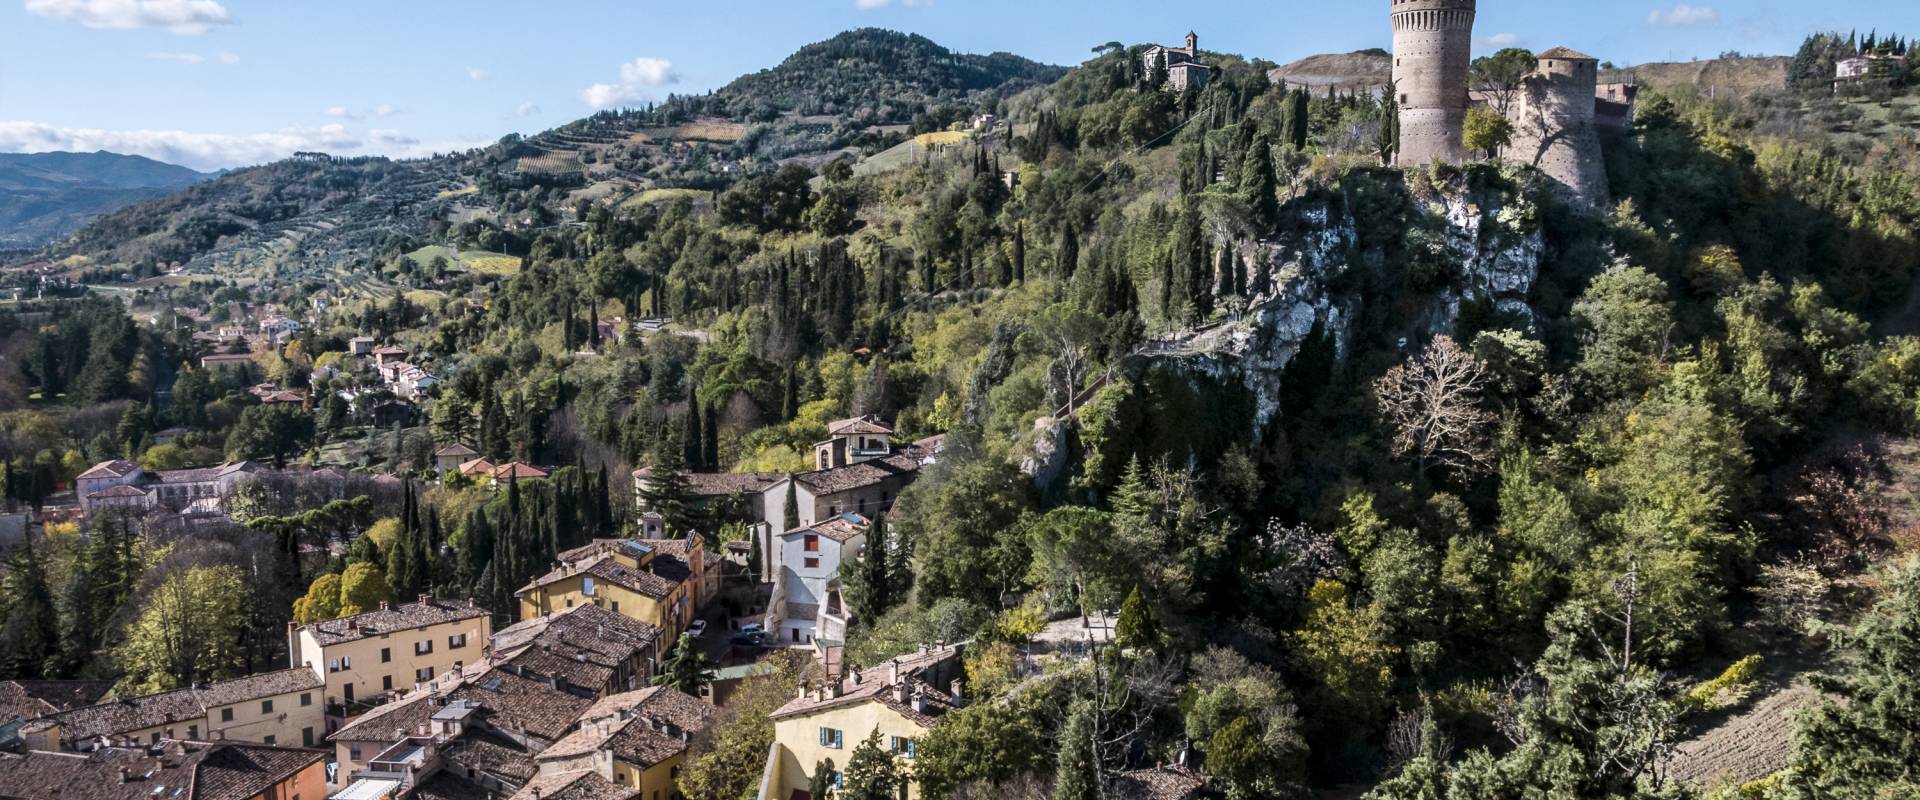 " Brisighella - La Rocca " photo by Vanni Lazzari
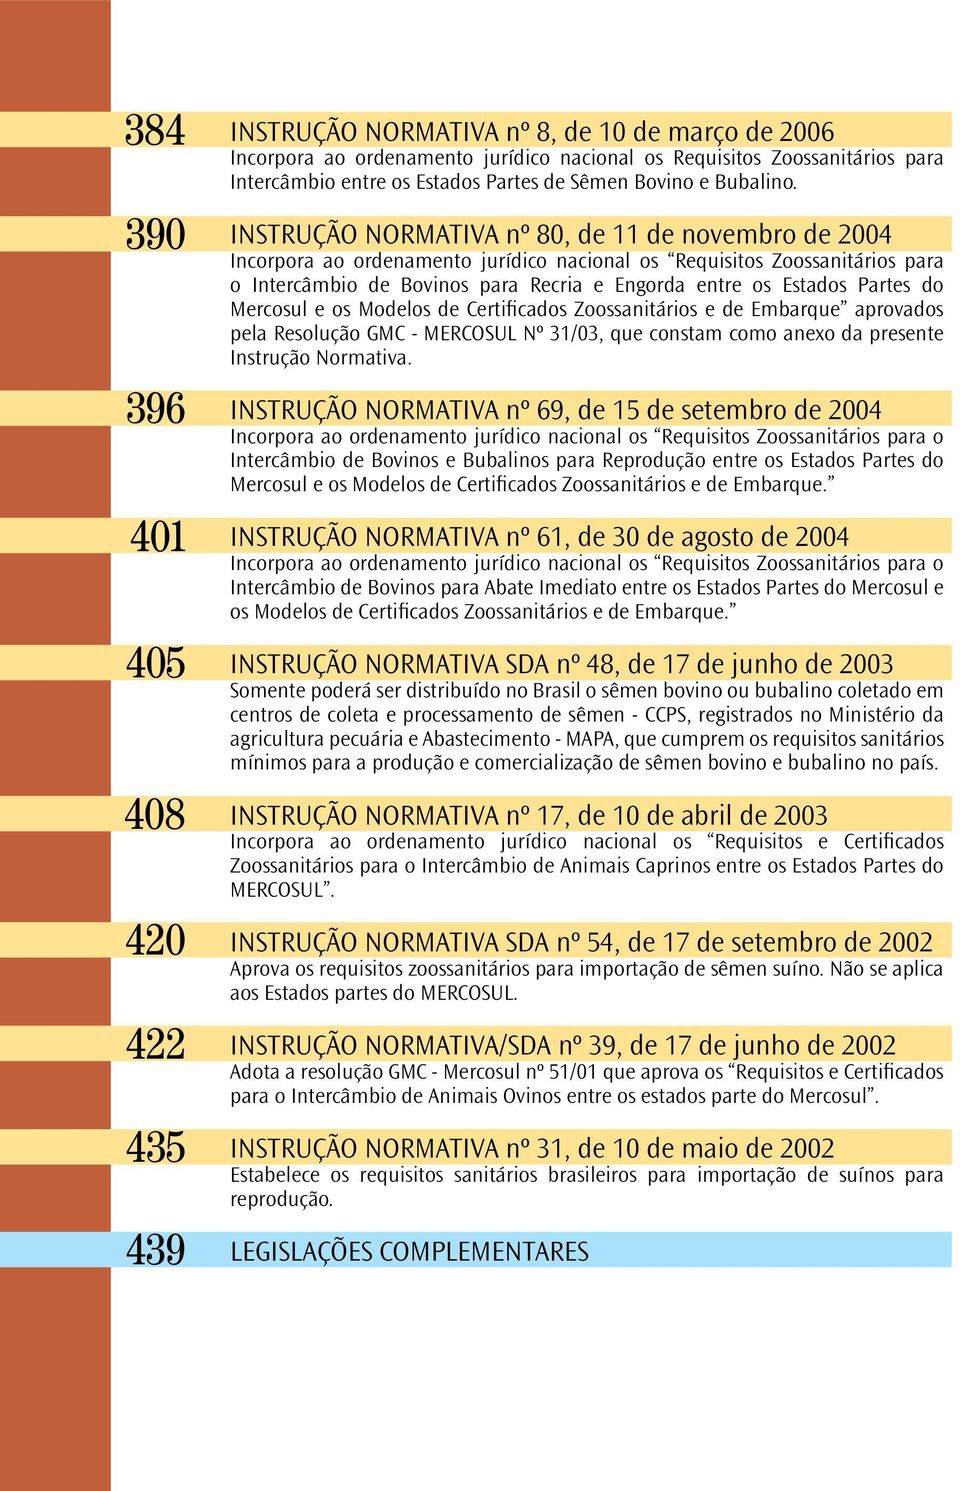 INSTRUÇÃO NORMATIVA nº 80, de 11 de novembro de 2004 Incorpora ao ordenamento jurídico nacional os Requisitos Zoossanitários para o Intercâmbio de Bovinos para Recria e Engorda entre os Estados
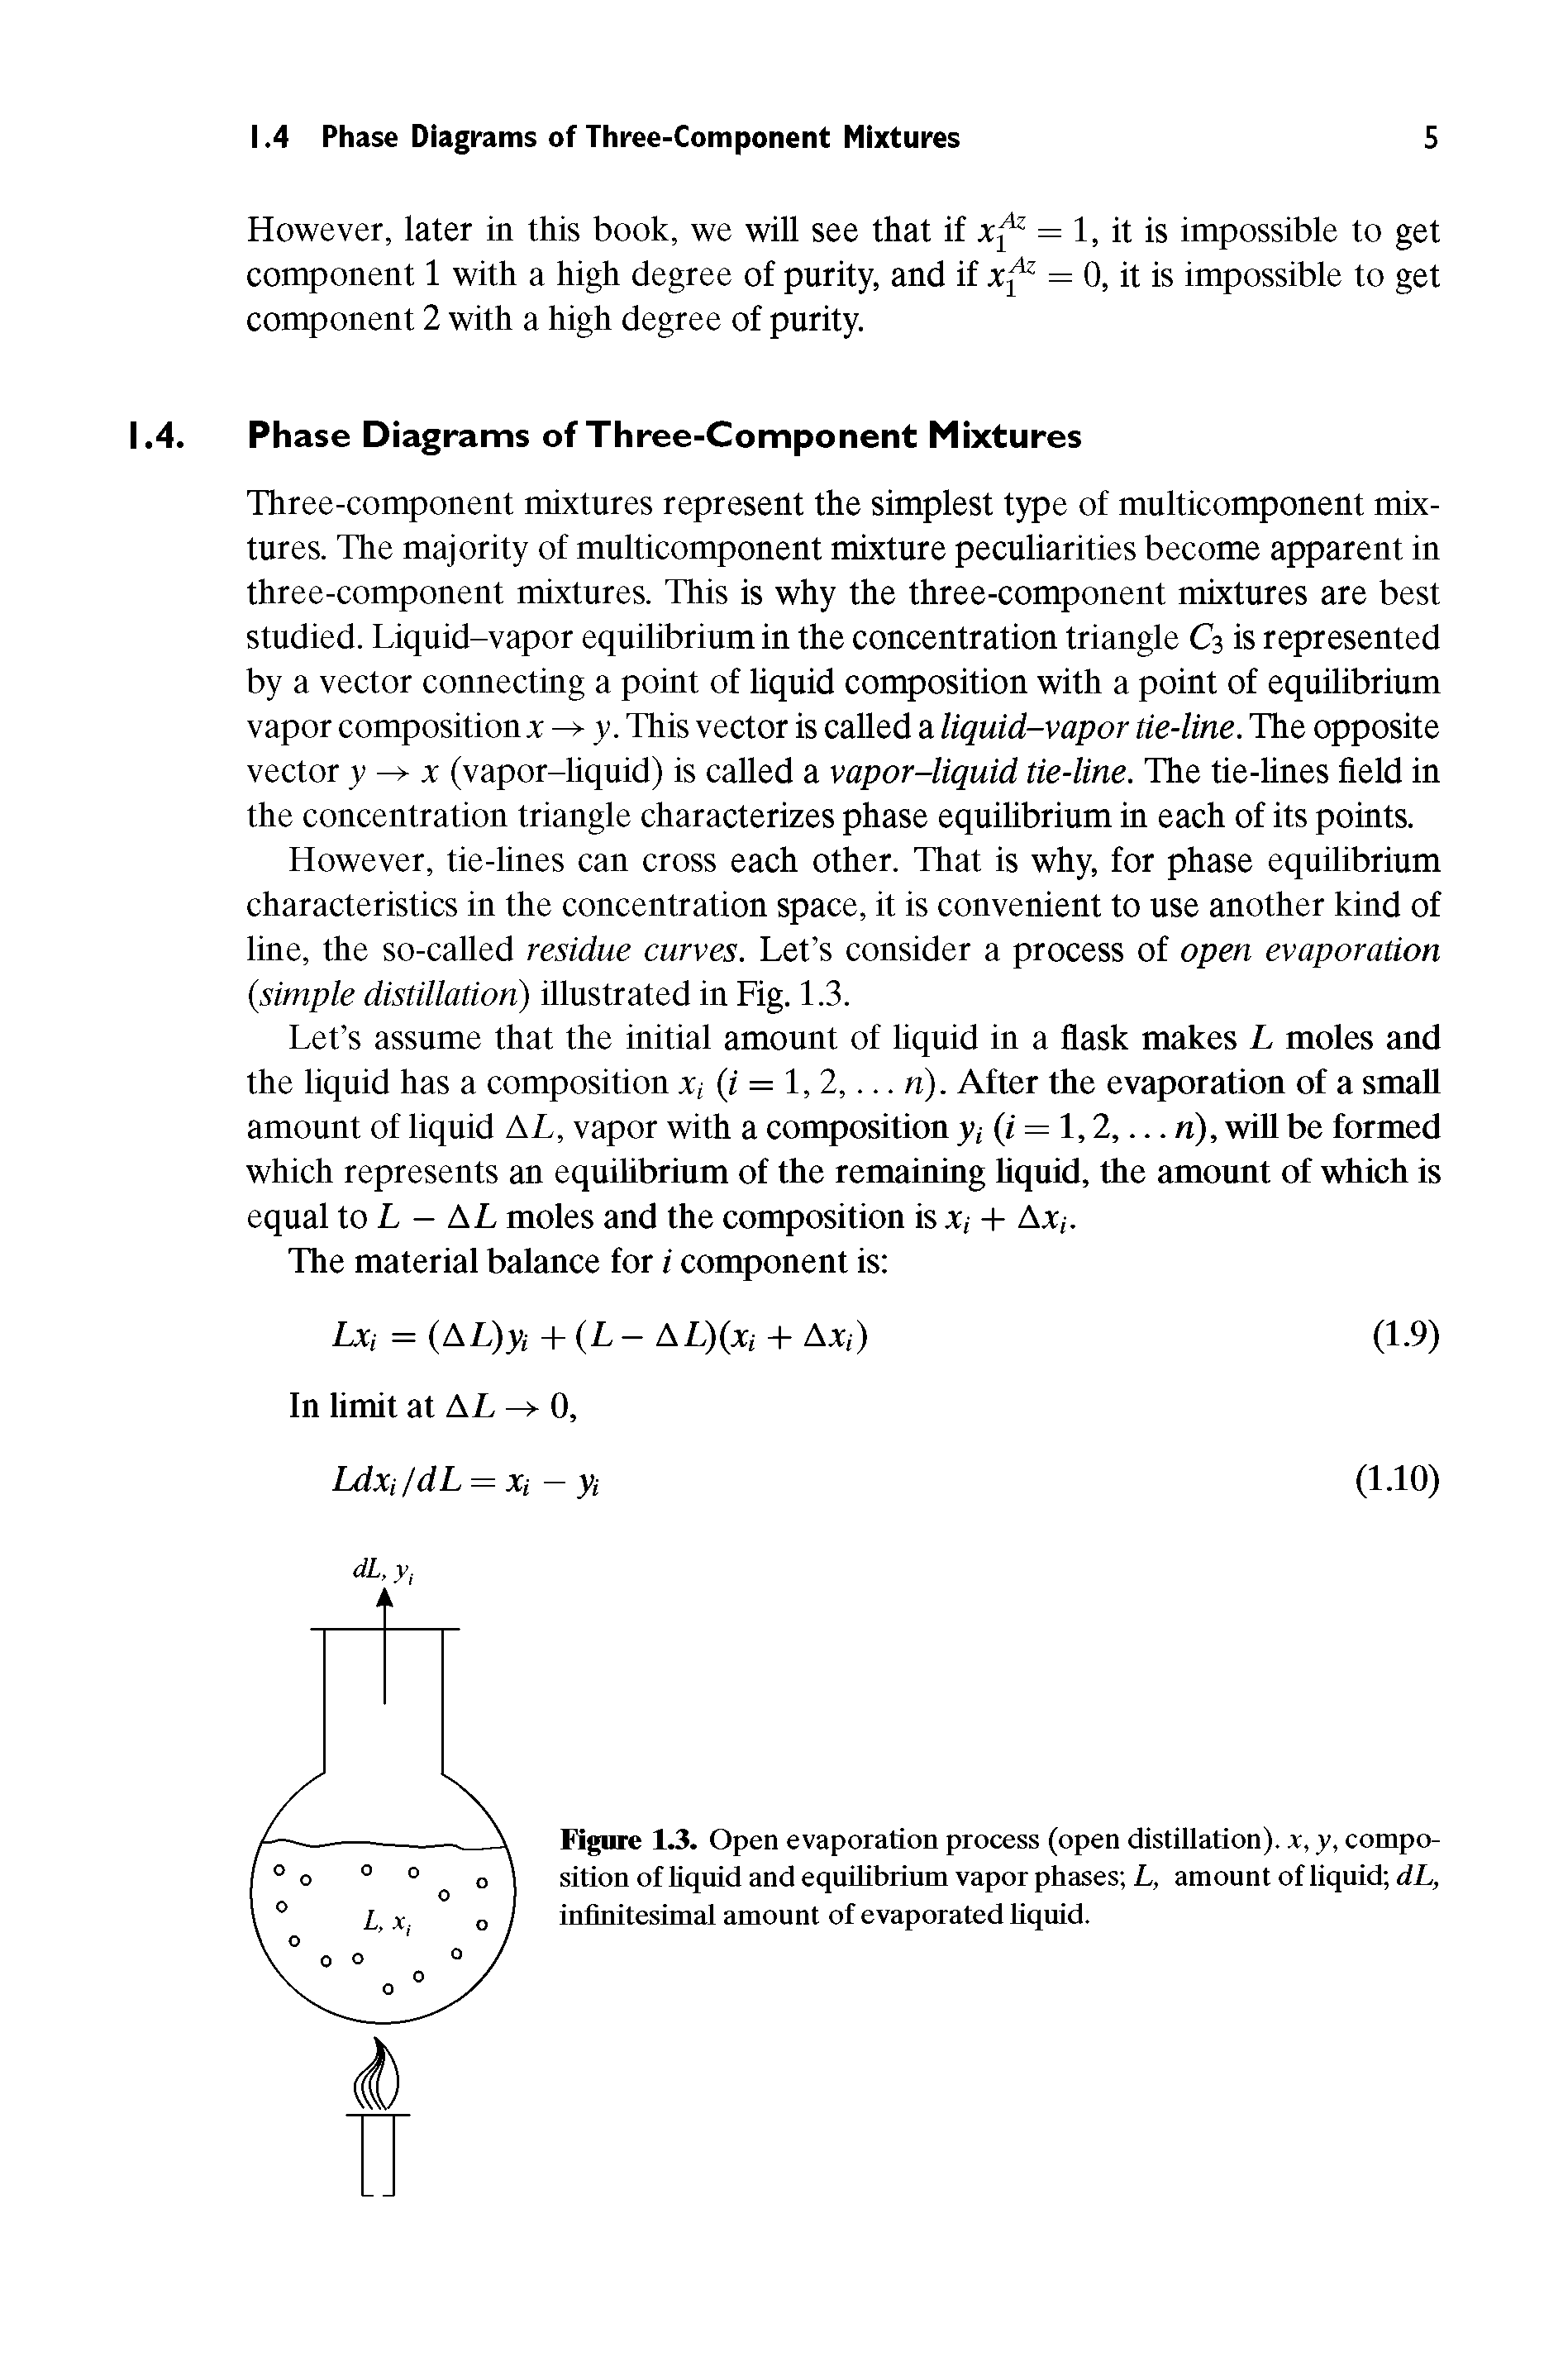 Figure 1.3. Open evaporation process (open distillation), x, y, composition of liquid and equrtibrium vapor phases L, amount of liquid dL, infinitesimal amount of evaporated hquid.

> **Activity**
Exact transcription of the full listing above is required; images do not belong in it.

> **Result of the exercise**
 " Brisighella - La Rocca " photo by Vanni Lazzari
 INSTRUÇÃO NORMATIVA nº 80, de 11 de novembro de 2004 Incorpora ao ordenamento jurídico nacional os Requisitos Zoossanitários para o Intercâmbio de Bovinos para Recria e Engorda entre os Estados
 Figure 1.3. Open evaporation process (open distillation), x, y, composition of liquid and equrtibrium vapor phases L, amount of liquid dL, infinitesimal amount of evaporated hquid.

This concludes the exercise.